To all my readers, please be warned that this is a rant. With random swearing (cover your ears and eyes if this isn’t your thing). But hopefully a justified rant once you read my somewhat coherent letter. Granted, this event happened a few weeks ago. But it’s only now that I can handle writing an entry about it without the world suddenly turning red.
Dear Jerky McJerksters,
The likelihood of you actually coming across this message is more than likely slim, given that I never mentioned my writing this (anemic) blog to chronicle my hobby. But that doesn’t matter to you. Because after all, if I’m correct at who you are, who were the one who made the comment of “dollhouses are for kids.”

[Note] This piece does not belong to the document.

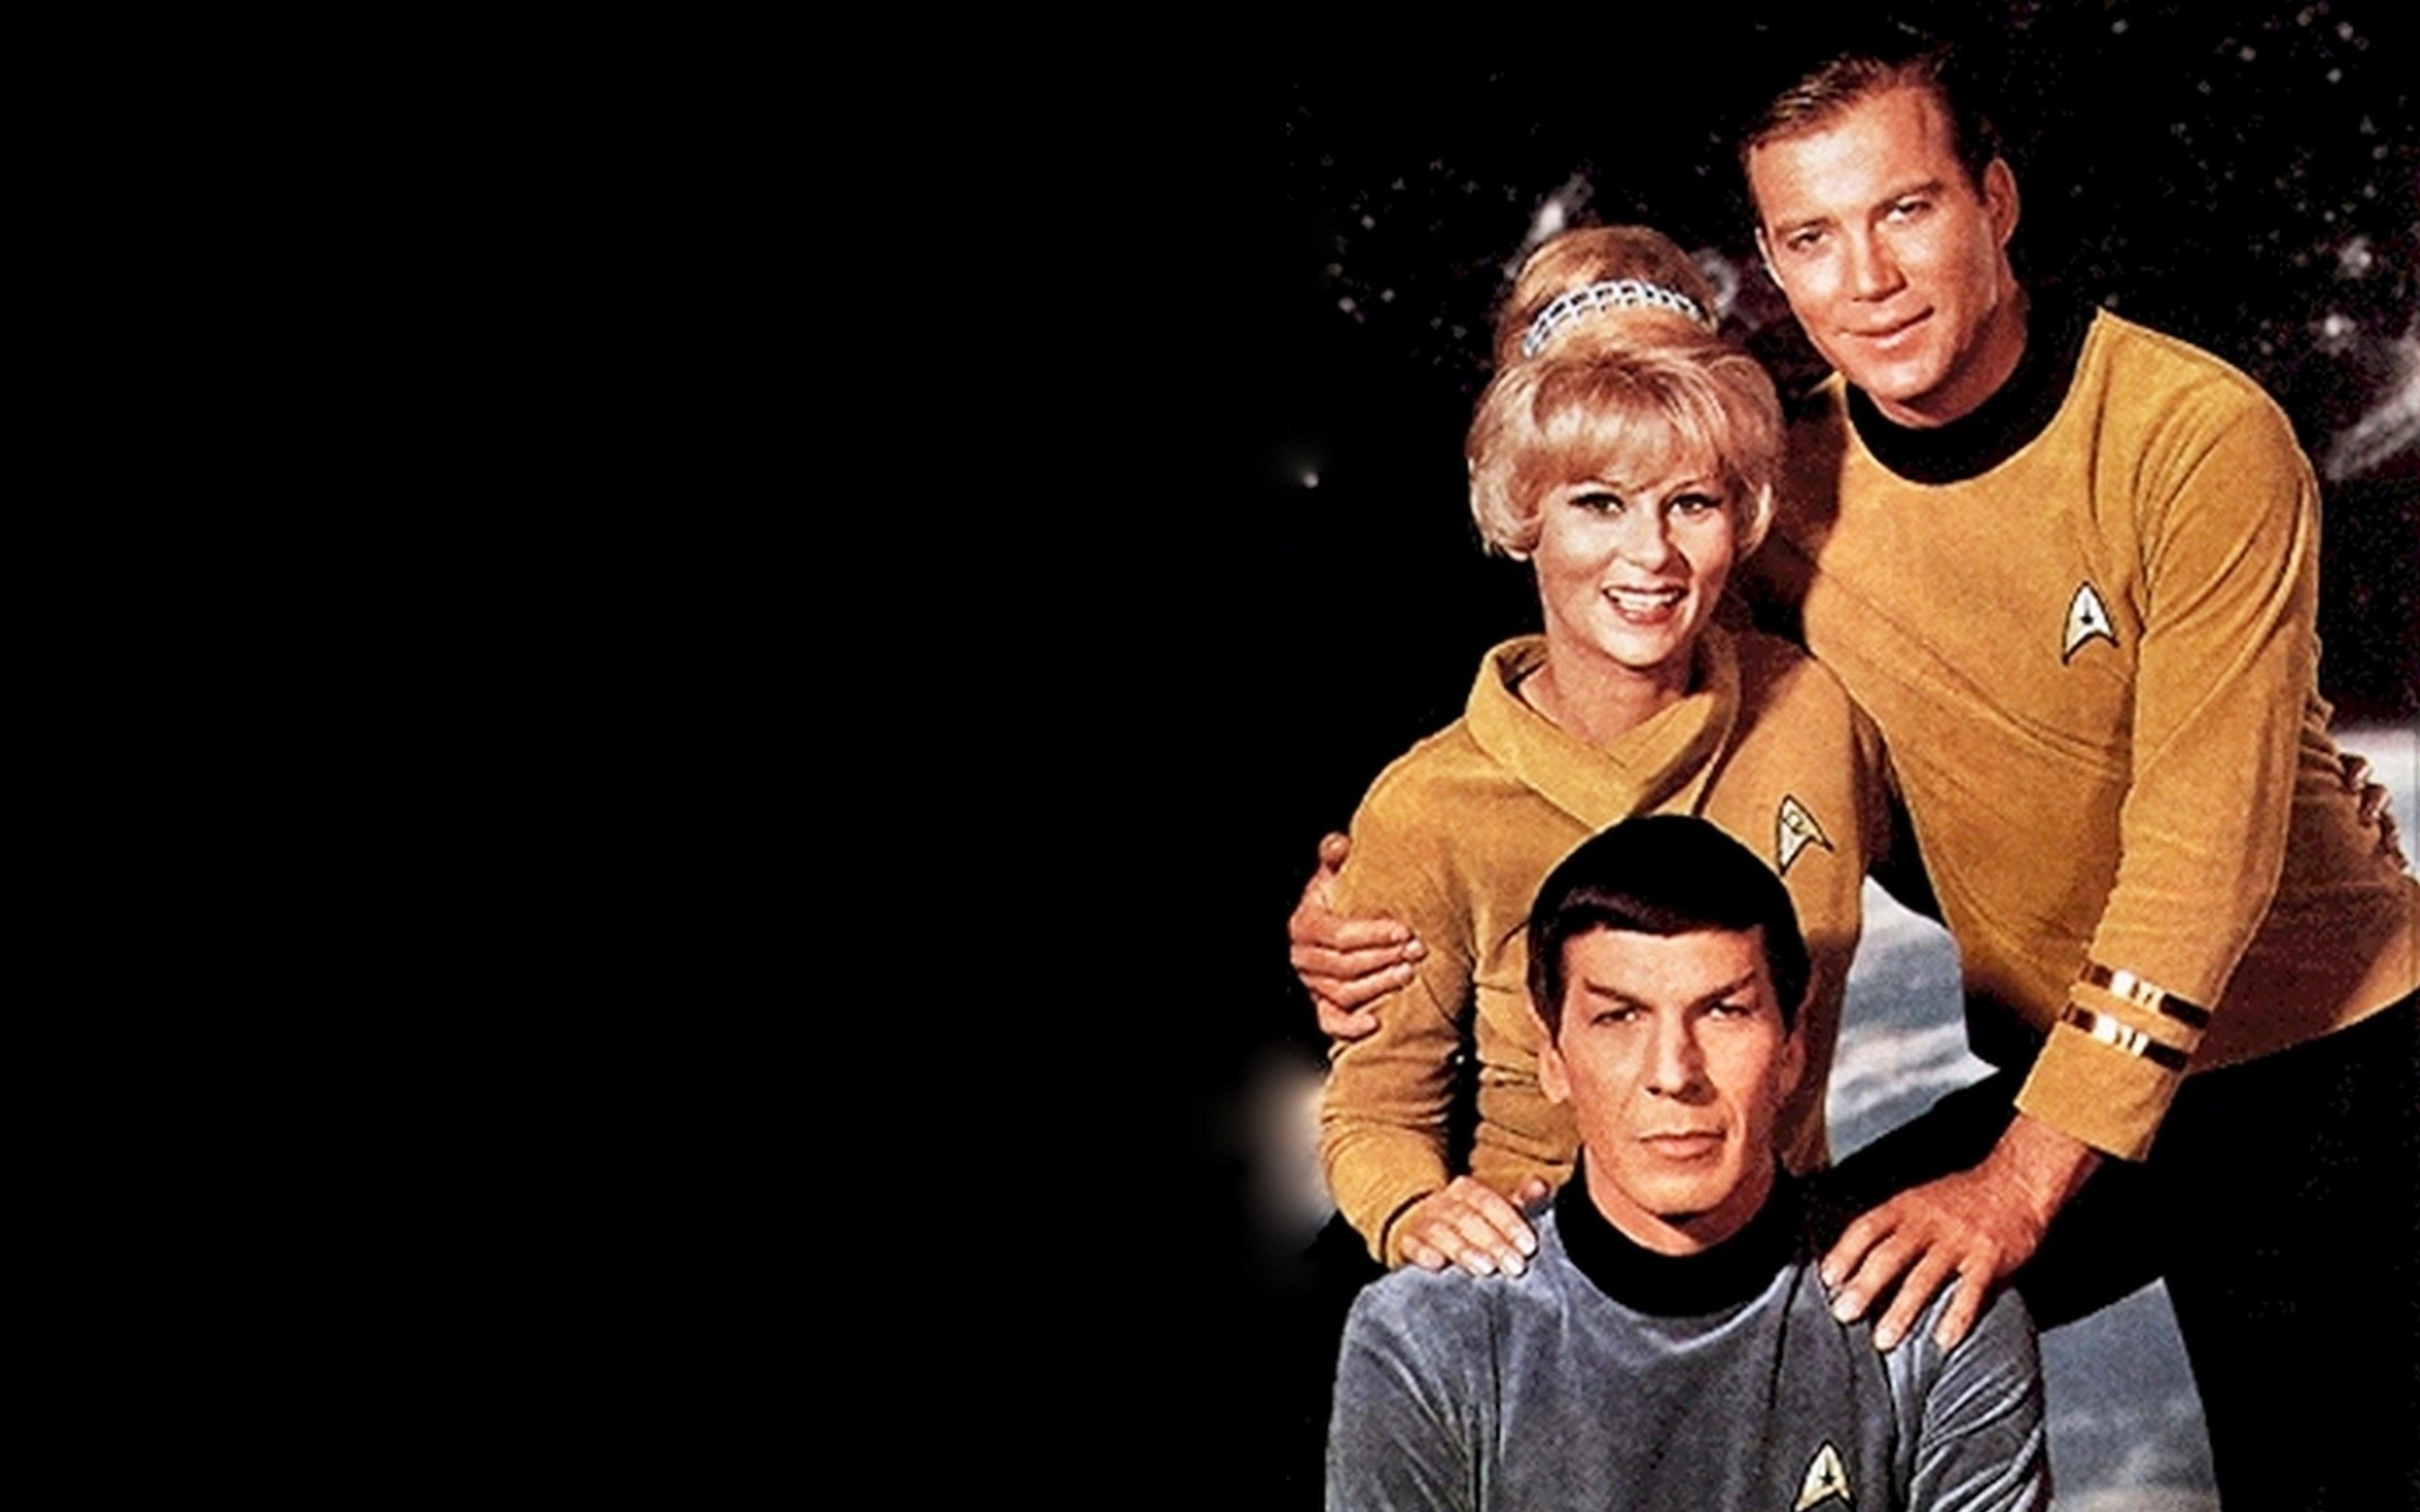 Original Star Trek Wallpaper. Star trek cast, Star

Not sure if you’re aware of it, but that off-hand statement of yours is the equivalent of the shots fired at Lexington. You know, the one that lead to the Revolutionary War in this country of ours way back when.
But I digress. I am writing this letter to basically air my biggest grievance against you. You, who I see as the jerkiest of jerks, decided in an underhanded way to walk out of my home not just with leftovers of party food. But with also with one my dollhouses. Specifically my ARC.
That’s right buddy. I’m calling you out big time. At least in this blog.
Where to begin? Let’s start at the party that was hosted at my home around a few weekends ago. Correction: it was taking place at my residence because a dear friend of mine wanted to throw a farewell shin-dig for her brother. Because BK’s and my home was dead-smack in the center of where everyone lived, we figured sure, why not? Our friend will handle the logistics and even the clean up. All my husband and I had to do, was simply tidy up our home and help with entertaining guests. That included moving the ARC and the CC into one of our bedrooms and closing the door.
Now, I don’t know about you, but if you’re in someone’s house, and the doors upstairs are closed – that means you’re not allowed in those rooms. EVER. I mean, even a blind dingbat knows that.
But oh no. Not you, you big jerk. If you are who I think you are, I caught you upstairs a few times peeking in the room where my dollhouses are. Even my husband caught you once during the party when he wanted to check on our dog (who was happily chewing on her toys in our bedroom). You feigned curiousity at my dollhouses. Which I would have been OK with….if it weren’t for your comment stated above.
But alas, I have no proof of whether you took it or not. All I know was that after the last guest left, and clean-up began, I decided on a whim to go to the bedroom where my dollhouses where. I saw my CC in its unfinished state….but her sister the ARC was nowhere to be found. You can imagine my panic as I turned the room upside down, looking for it. Thinking maybe I put it somewhere else. But nope, it’s gone. My mid-century 1:18 scale beauty has been taken from me.
I guess BK sensed something was wrong because he came upstairs to look for me. And I had to watch the look on his face when I finally broke into tears and told him the ARC is missing. Followed by the shocked expressions my friend, her brother, and the few mutual friends who stayed to clean up had when they came upstairs due to my wailing.
My friend and her brother offered to buy me another ARC – because they felt that it was their fault someone they knew took one of my possessions. They shouldn’t have to do that, you big jerk. I refused, but had to relent when my friend in turn threatened to burst into tears from how embarrassed she felt.
So yeah, that jerk title I’ve been using? That just got elevated to “mother-fuckin’ fuckard of a douchebag”. Because you made my friend cry as well. Because you made my husband had to do damage control and comfort his wife until she managed to cry herself to sleep.
So after writing this, I’m going to order another ARC. And start all over. And in the meantime, if I see you, be sure you have a ready explanation to the EMTs as to why you have a size 7 shoe up your butt.